Lifting the Fog of Memory
Reduces Alzheimer’s tau lesions and memory loss in mice
Memory is a way of holding onto the things you love, the things you are, the things you never want to lose. — The Wonder Years
It is a simple truth that we value something more when it becomes harder to retain. Take the quality of our hair or skin or vision, as examples. Or consider how little we valued our memory over the earlier course of our lives, compared with now, when we have aged. Precious memory! Where would we be without it?
We would be lost without our memories, like a rudderless sailboat adrift in a fog-enshrouded sea . . . not knowing who we are . . . not knowing who we’ve been . . . not knowing those most dear to us. Alzheimer’s disease provides such a fate—the tragedy of lost memory—and although this dilemma is progressively prevalent for those in their 60s, 70s, and 80s, in actuality it starts far earlier for some. One of the things about Alzheimer’s disease that you may not know is that 10% of those affected by it are under the age of 50. In fact, a recent article in the New York Times dealt with a man who had early-onset Alzheimer’s in his 40s.1 He started to develop symptoms in his 30s!

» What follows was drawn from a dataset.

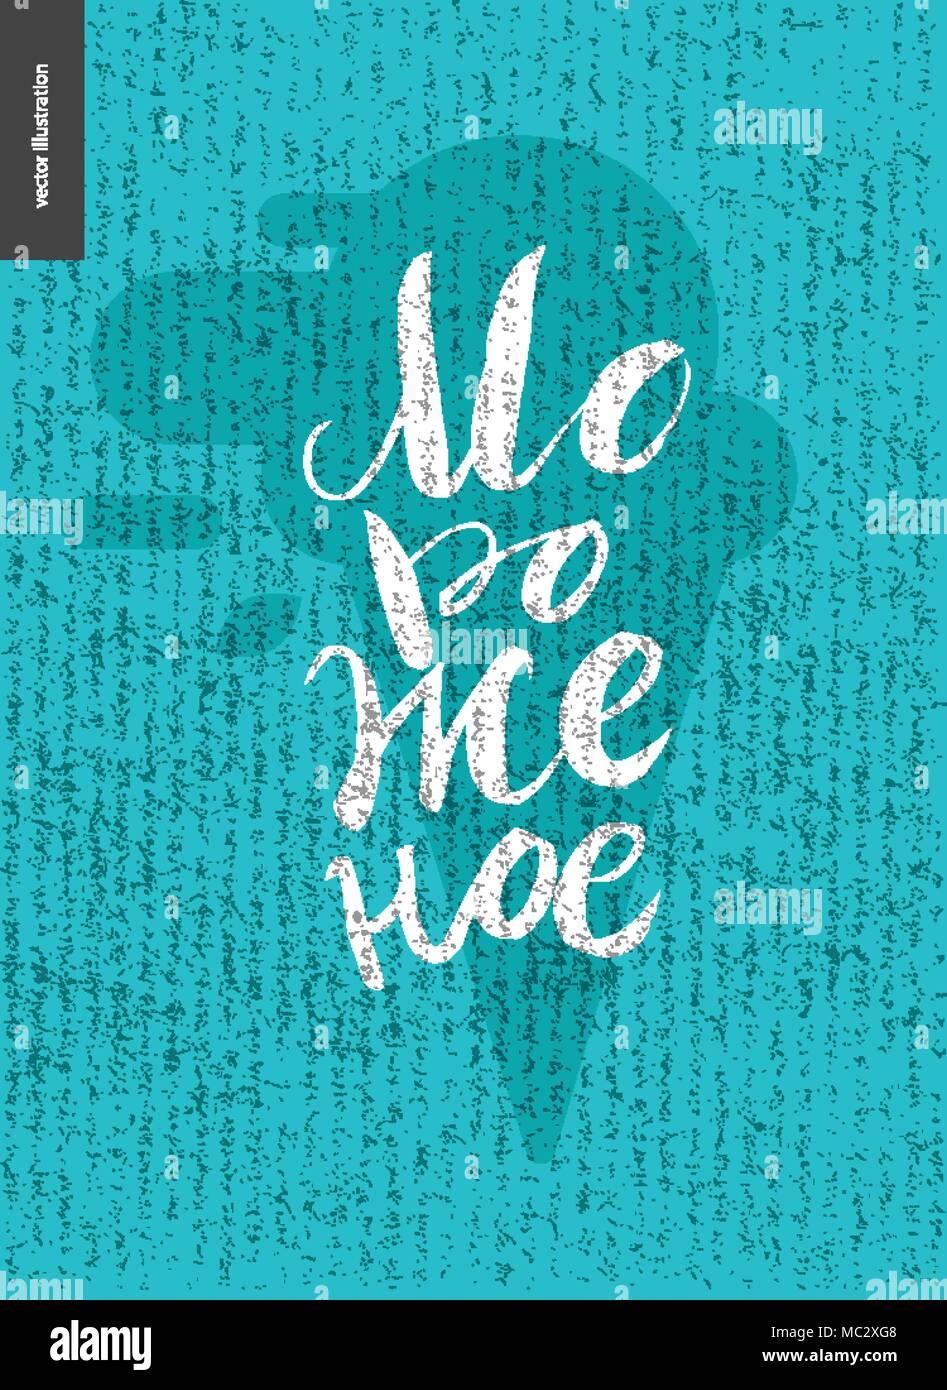 Eis russische Schrift und Eis - ein Vektor Flachbild cartoon schwarz Bürste handschriftliche Schriftzug Ice Cream und Waffel Kegel mit Minze ice cre Stock Vektor

Alzheimer’s disease may affect as many as 5.2 million Americans, causing senility and often leading to death. The Alzheimer’s Association estimates that the disease will strike one out of eight Baby Boomers. Unfortunately, there is no cure for this neurodegenerative disease. Medication, diet, life style, and supplements offer only limited benefits that are moderately effective in slowing its progression. But they will not stop or reverse Alzheimer’s disease.
So if you are predisposed to Alzheimer’s disease—as is the case if you have an Alzheimer’s gene, or if someone in your family has (or has had) it—or if you wish to live a long time, anything that can help to lessen its likelihood must be welcomed.
A recently published study by University of California, Irvine, scientists working with Alzheimer’s-diseased (AD) mice has found substantial benefit in high doses of a common nutrient in the vitamin B family, nicotinamide, a form of vitamin B3.2 So startling were the results—memory loss was restored in the AD mice—that the researchers are now conducting a clinical trial to determine if it can help to keep memory normal in humans (more on that later).
At the end of the trial, the AD mice performed as well in memory testing as healthy mice, a remarkable result strongly suggesting that nicotinamide had protected their brains from memory loss, and restored memory that would have been lost. “Cognitively, they were cured,” first author of the study, Dr. Kim Green said. “They performed as if they’d never developed the disease.”3 “The vitamin completely prevented cognitive decline associated with the disease, bringing them back to the level they’d be at if they didn’t have the pathology,” said Dr. Green. “It actually improved behavior in non-demented animals too.”4 Meaning that healthy mice fed nicotinamide outperformed mice on a normal diet. “This suggests that not only is it good for Alzheimer’s disease, but if normal people take it, some aspects of their memory might improve,” said Dr. Frank LaFerla, the lead author of the study.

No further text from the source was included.